Lisa and Irvin opened their studio in the early 1980s in an old building on the family farm. They evicted a tractor and horse trailer, put in a window, and added paint and carpet. Their only advertisement was a small sign out on the road.
Irvin was still working as a civil engineer, so they could afford to take a significant risk and pursue the fine art market. “We weren’t interested in mass production,” Lisa says, “but in the art form. We’re both curious, creative people. We both chose fine art to stay interested and to not have to compete with commercial operations.”
Within a couple years, they were winning awards at the Spanish Colonial Arts Society’s Spanish Market, and the studio was doing well enough for Irvin to quit his job and weave full time. They used his retirement money to build a small house, which also added weaving space.
In 1985, Lisa, Irvin, and Jake were invited to show as a family at the Millicent Rogers Museum in Taos, New Mexico. That was a breakthrough, and weavers soon began to knock on the studio door saying, “We want to work for you.”
They hired the best artisans to produce less expensive wares for the shop and the growing tourist trade, which allowed them to plunge more deeply into their own art. And they began researching museums around the West, looking at traditional designs and techniques.
When their children reached school age, the Trujillos agreed that Lisa would run the shop and Irvin would drive the kids about 45 minutes away to Los Alamos, which was rated among the top school districts in the state. Rather than driving back and forth to work in the studio, he borrowed his sister-in-law’s garage and set up a loom to work during the day. “And that’s where I really honed my skills,” Irvin says. “Because nobody was bothering me, and I was just concentrating on weaving.”
“The goal is to have that focused time,” Lisa says. “That’s what weaving requires — complete focus. Once he had that, his pieces just skyrocketed. He got so much better. He could do so much more detail. He mastered so many new things.”
In addition to spinning and weaving her own award-winning designs, Lisa still manages the shop, including overseeing some 15 weavers whose works she sells in the tapestry gallery. She also works hard to keep the lore and tradition of Chimayo weaving alive, researching and recording styles and techniques, writing books, making videos, and teaching classes to share that knowledge. “I totally respect the tradition,” she says. “I contribute as much as I can to keep it alive.”

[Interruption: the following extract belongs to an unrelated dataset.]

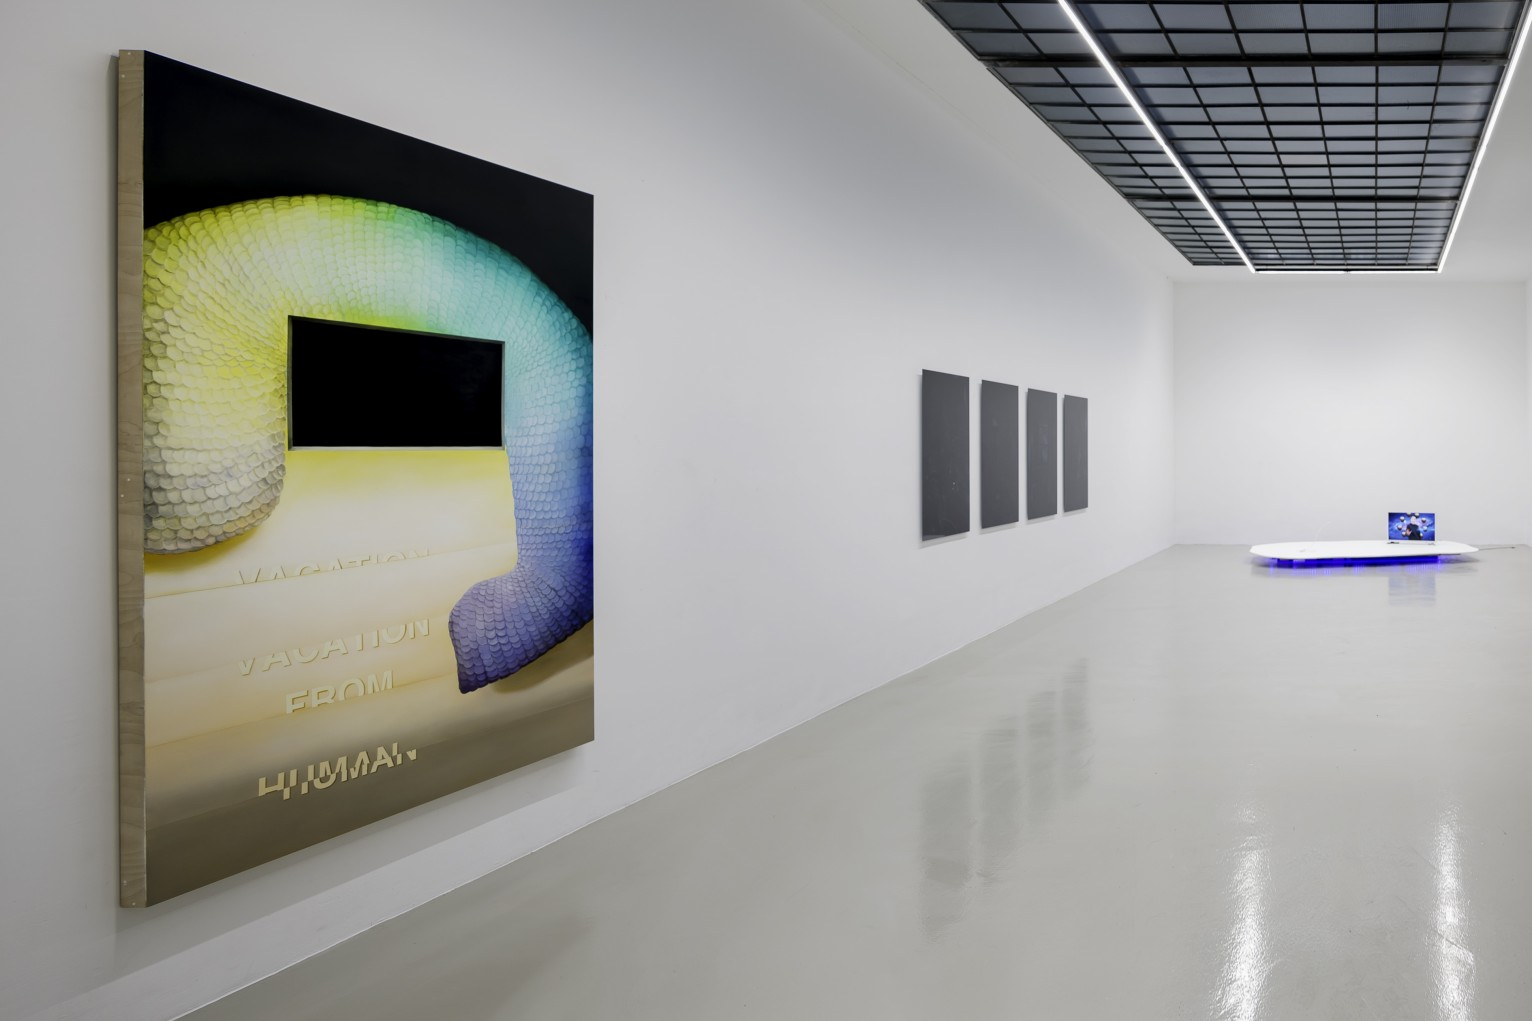 Stranger Days  curated by Jürgen Dehm  Malte Bruns | Benedikt Hipp | Lindsay Lawson | Pascual Sisto | Julia Weissenberg  16 Feb - 19 Mar 2017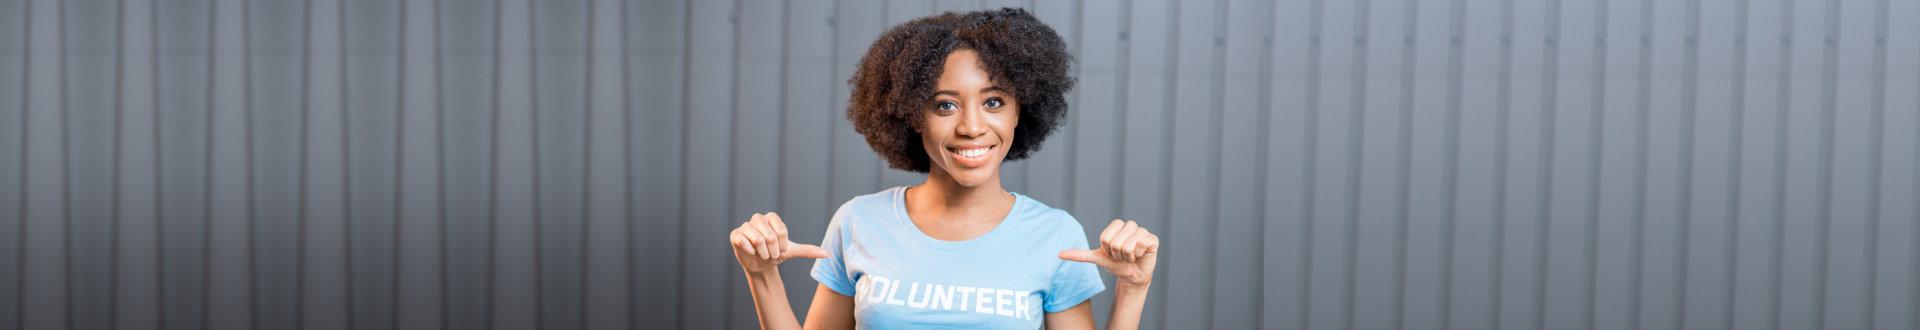 woman volunteering herself campaign program

David Rasch, director of the Santa Fe Spanish Market, says that Irvin and Lisa are carrying on an important tradition. “Both artists still produce traditional Chimayo designs,” he says, “but — in the true spirit of creativity — they have taken the art form to new heights with extremely complex designs and compositions that evoke three-dimensional space. These innovations are what keep the tradition alive in a dynamic 21st-century vitality.”
Centinela is also one of the few places left in America where the entire process of shearing, carding, spinning, dyeing, weaving, and also building looms is undertaken. The next generation is already assuming a significant role, as their daughter, Emily, has put aside her post-graduate work in anthropology to come back to the land and its art.
Today, Centinela’s top pieces bring tens of thousands of dollars, and several reside in the Smithsonian Museum. But while that recognition and commercial success are nice, it’s not what drives the Trujillos.
“It’s a spiritual practice,” Irvin says. “It’s not about the money. I’m weaving to learn how to weave. I weave a piece in each of the styles: a Vallero, a Saltillo, a Chimayo, and a Rio Grande, and then I do a modern piece. And each time I weave in the cycle, I bring my experience to the new works, and they change.
“I’m trying to weave pieces that hopefully will be examples for Emily and her generation,” Irvin adds. “So like the pieces we were looking at in the museums, they’ll be able to look at our pieces and learn from them.”